* _WORK TO COMPLETE_
The reply must consist of the complete listing, reproduced exactly, with no images included.

* _THE DATA_

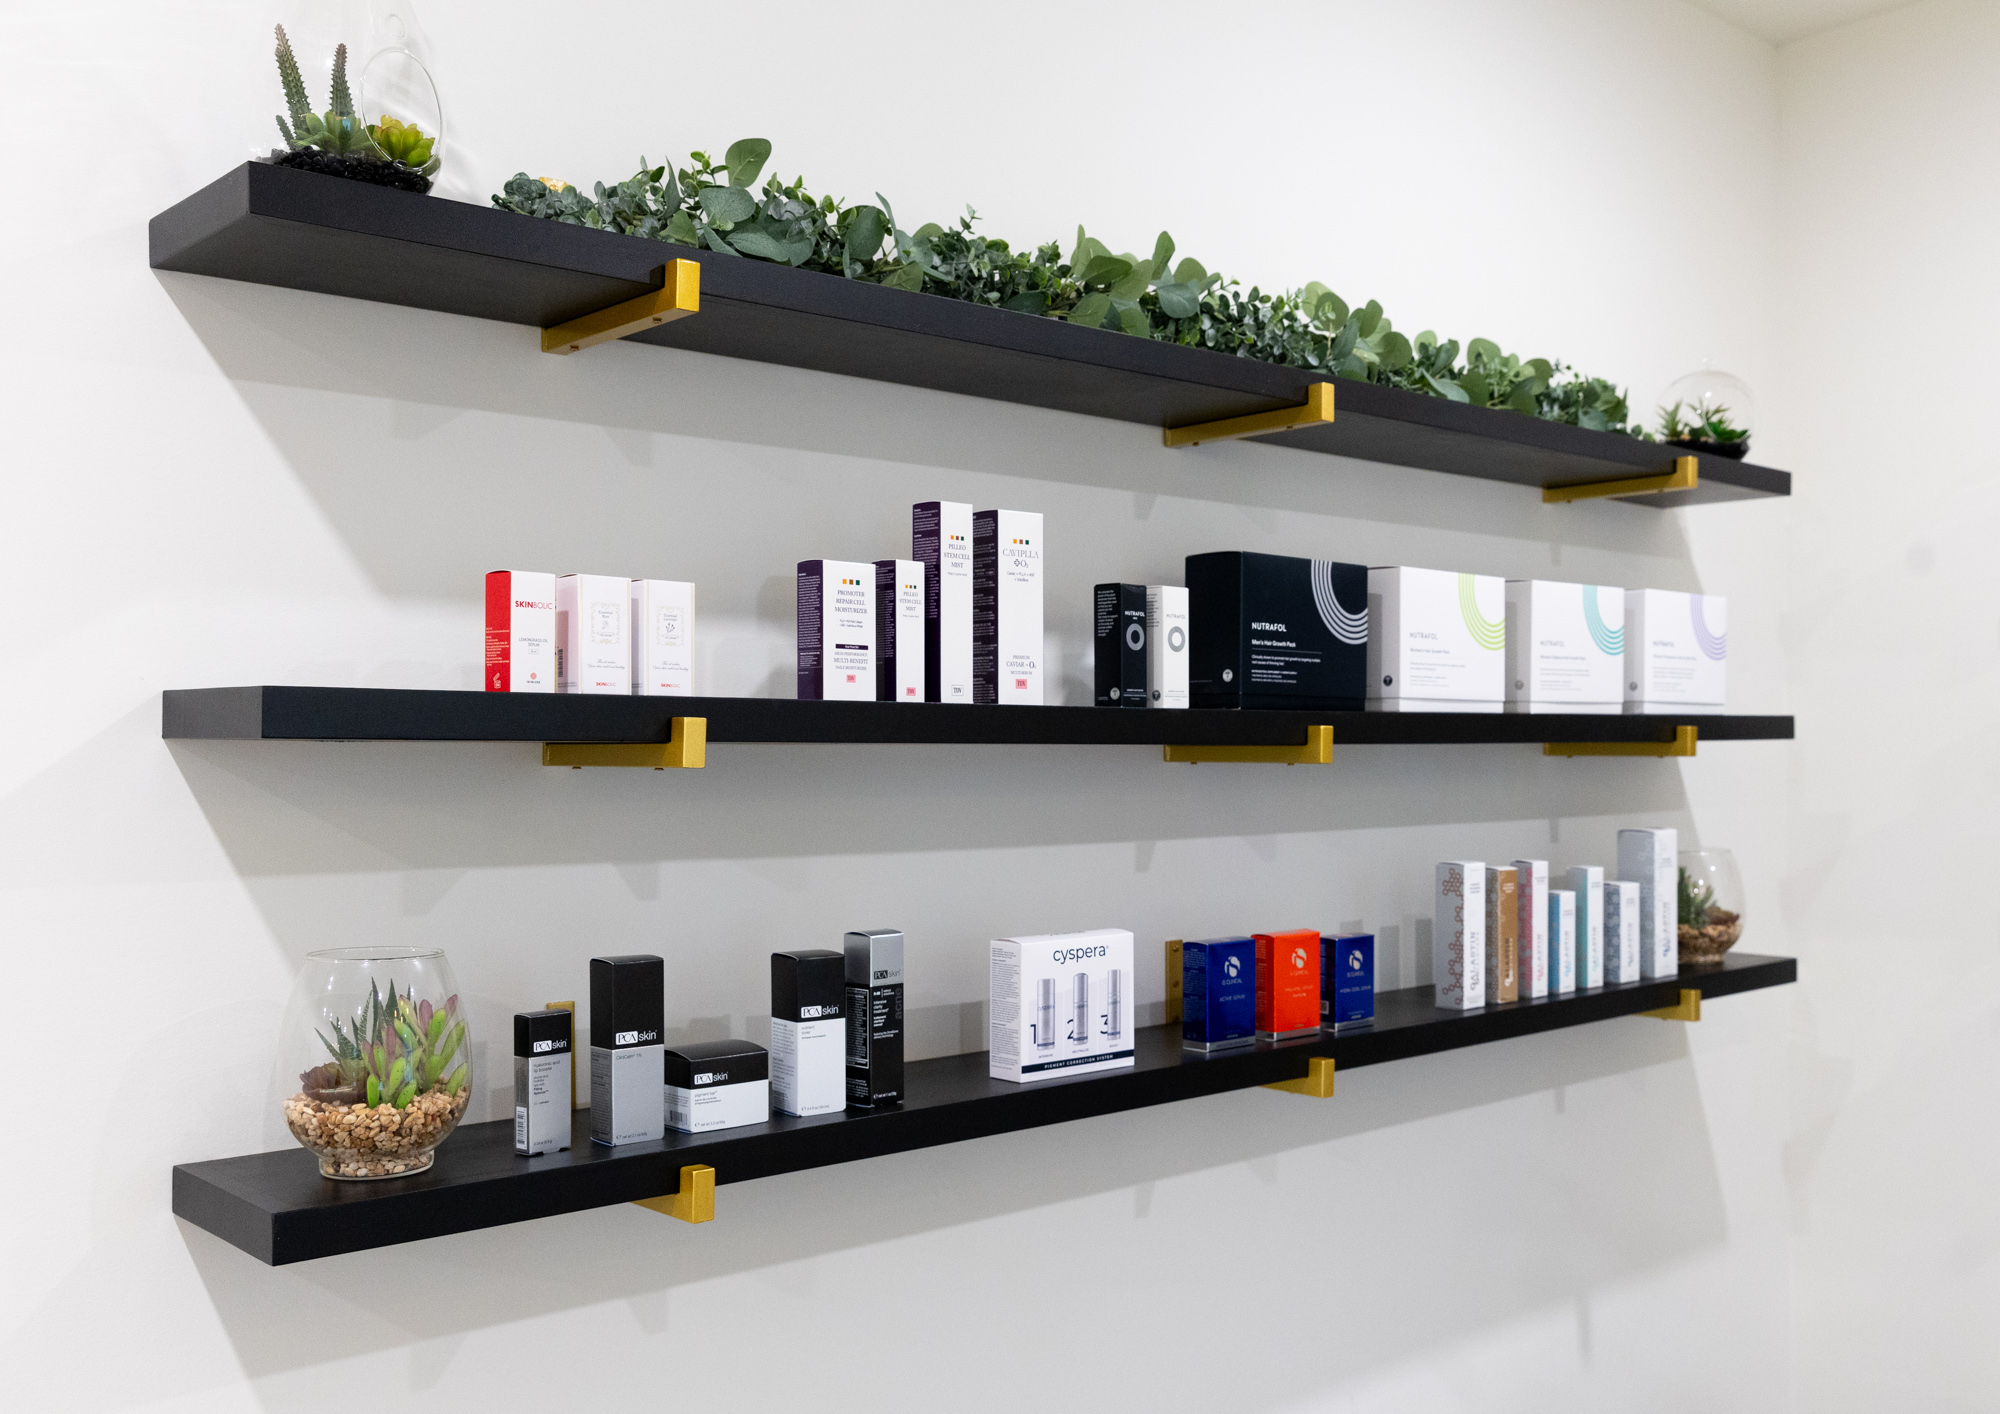 Your Skin Prescription's selection of medical-grade skin care products
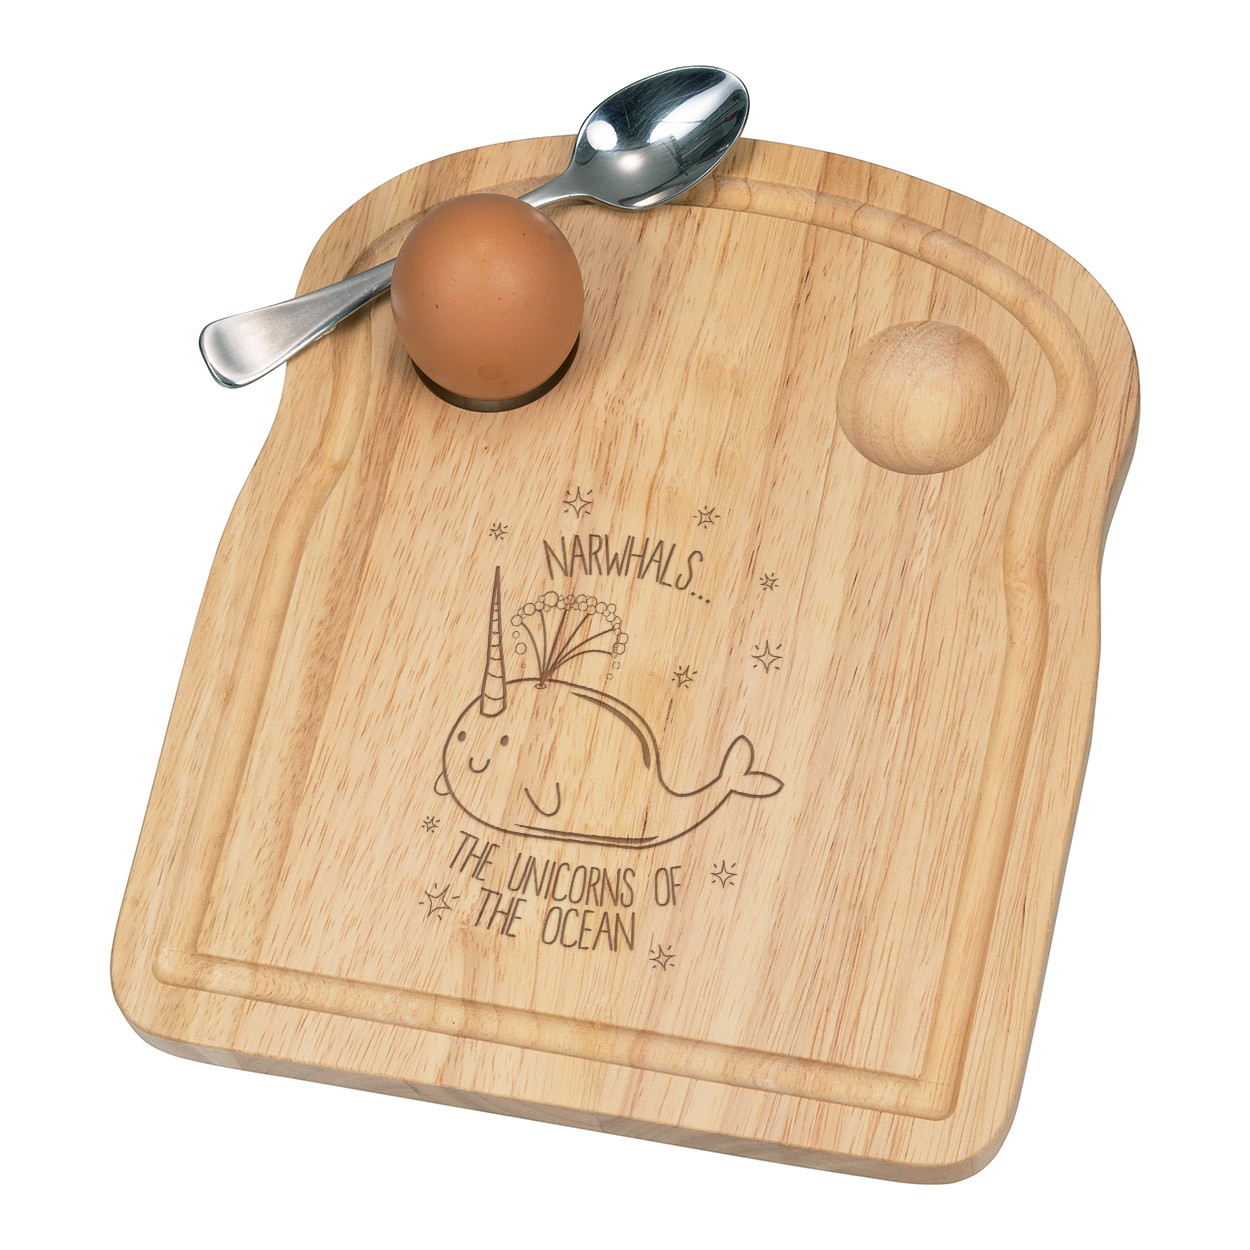 Narwhals The Unicorns Of The Ocean Breakfast Dippy Egg Cup Board Wooden
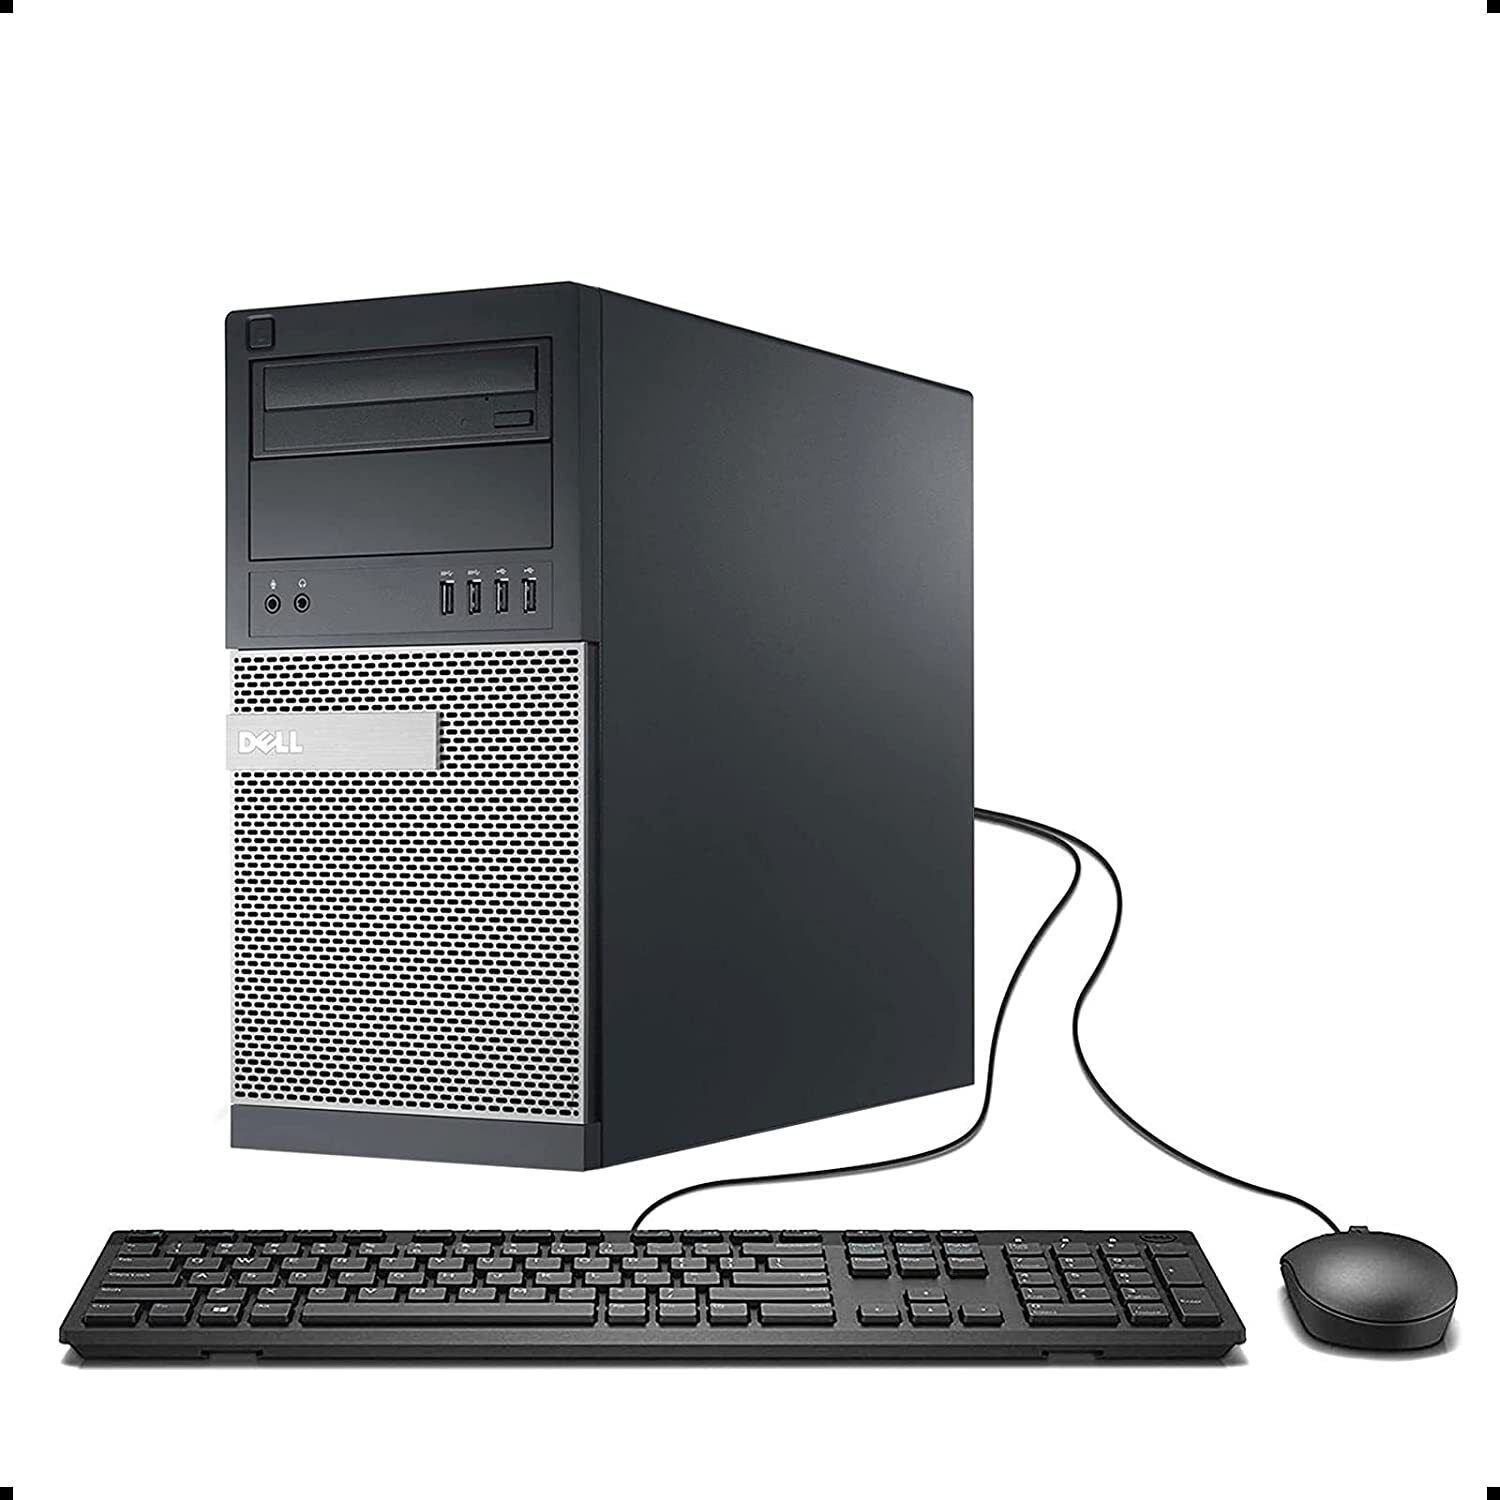 Customize Dell Optiplex 790 Tower Computer with Windows 7 Professional x64bit
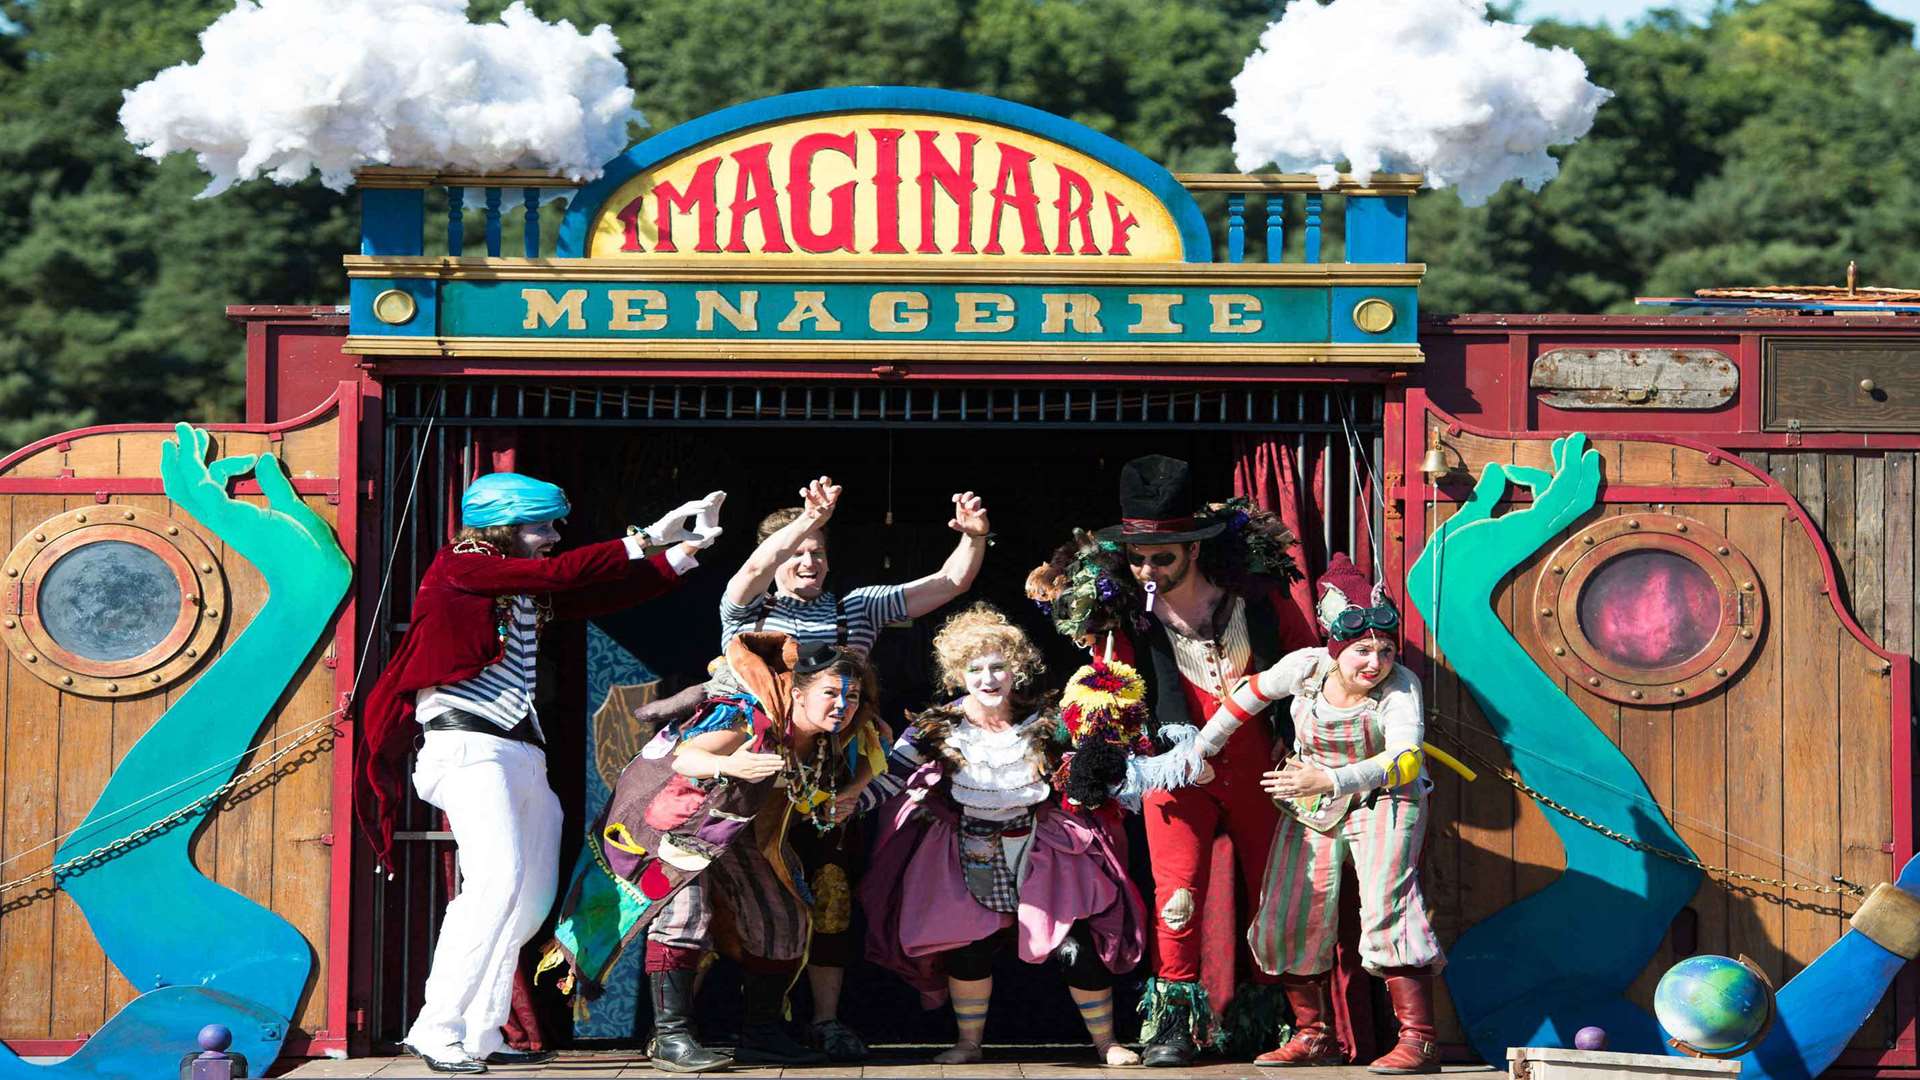 The Imaginary Menagerie show at the Outlands Festival

* _RESULT OF THIS TASK_
 Your Skin Prescription's selection of medical-grade skin care products
 Narwhals The Unicorns Of The Ocean Breakfast Dippy Egg Cup Board Wooden
 Customize Dell Optiplex 790 Tower Computer with Windows 7 Professional x64bit
 The Imaginary Menagerie show at the Outlands Festival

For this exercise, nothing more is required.